Matt Dorsey is an American politician and communications professional. Dorsey has served on the San Francisco Board of Supervisors representing District 6 since his appointment by Mayor London Breed on May 9, 2022. He was elected to a full term in the 2022 San Francisco Board of Supervisors election. He previously served as the Head of Communications for the San Francisco Police Department.

Career 
Dorsey worked strategic communications for San Francisco City Attorney Dennis Herrera for 14 years.

Dorsey worked for the San Francisco Police Department from 2020–2022, where he served as Head of Strategic Communications. He defended the police department for its decision to withdraw from a Memorandum of Understanding (MOU) with the District Attorney's Office, which assigned the office as lead investigator in police use-of-force incidents.

San Francisco Board of Supervisors 
Dorsey was appointed to the San Francisco Board of Supervisors on May 9, 2022, by Mayor London Breed to replace outgoing District 6 Supervisor Matt Haney for the rest of his term. Unlike his predecessor, Dorsey will not represent Tenderloin, San Francisco, which was moved to District 5 after redistricting in 2022. District 6 has 76,000 San Francisco residents and consists of South of Market, Rincon Hill, South Beach, Mission Bay, Mid-Market, The Hub (near Market and Octavia) and Showplace Square (Southwestern SoMa).
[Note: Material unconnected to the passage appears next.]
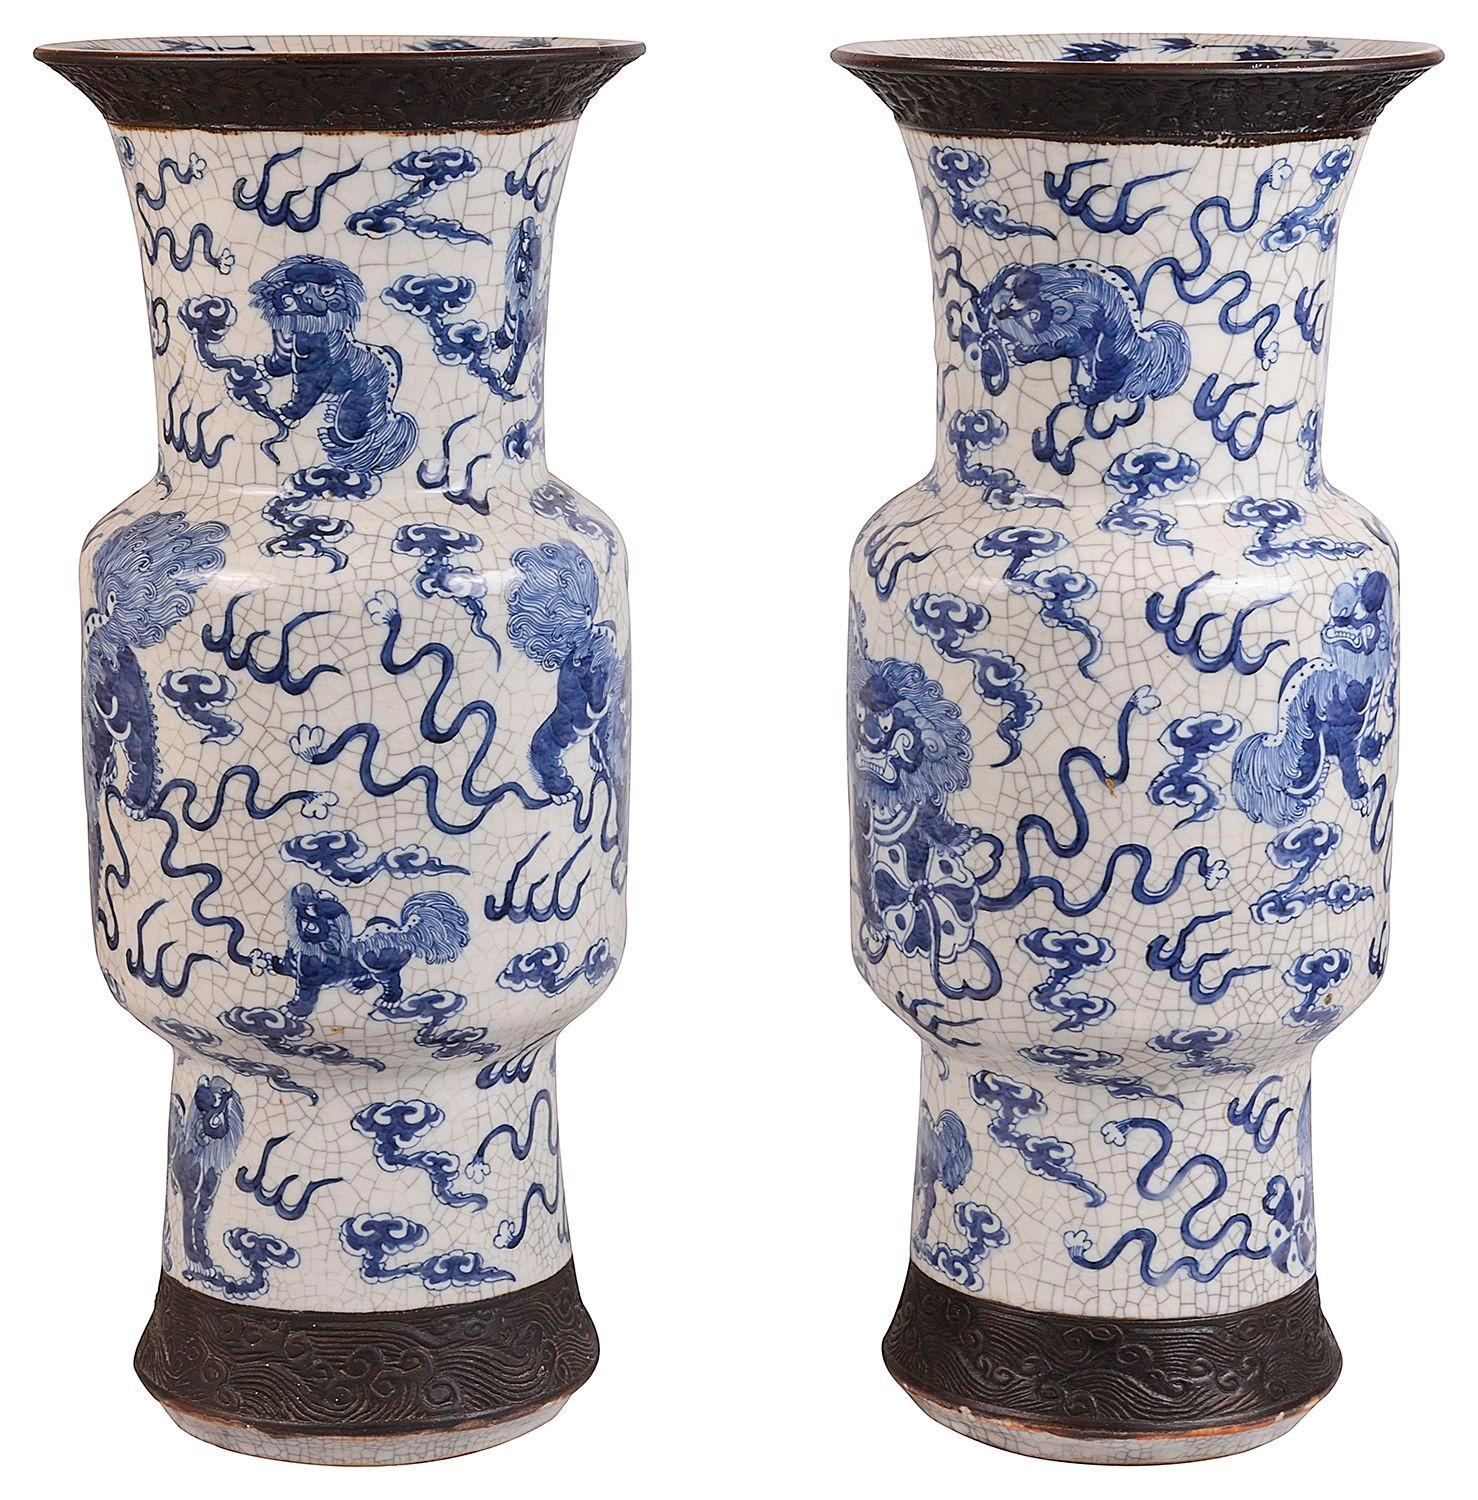 Une paire impressionnante de vases en faïence bleue et blanche de bonne qualité, datant du 19e siècle. Chaque panneau de faïence est orné en haut et en bas de rinceaux marins. Dragon mythique et chiens parmi les nuages et les serpents.

Lot 72

Dorsey ran for election in November 2022. He defeated Honey Mahogany, a former aide to Matt Haney. Dorsey was supported by the moderate PAC, Grow SF.

Dorsey and London Breed decided to not march in San Francisco Pride 2022 after the organizers banned police officers from marching in uniform. After Pride reached a compromise with the police, Dorsey and Breed agreed to march.

Dorsey faced criticism for his support for a documentary on San Francisco's police department, which he began promoting during his time working for the police department and supported as a supervisor. Critics view the documentary as a waste of limited police resources.

Personal life 
Dorsey is gay. He is HIV-positive. Dorsey is in recovery from drug and alcohol addiction.

References 

Living people
San Francisco Board of Supervisors members
21st-century American politicians
California Democrats
LGBT people from San Francisco
American LGBT city council members
Gay politicians
Year of birth missing (living people)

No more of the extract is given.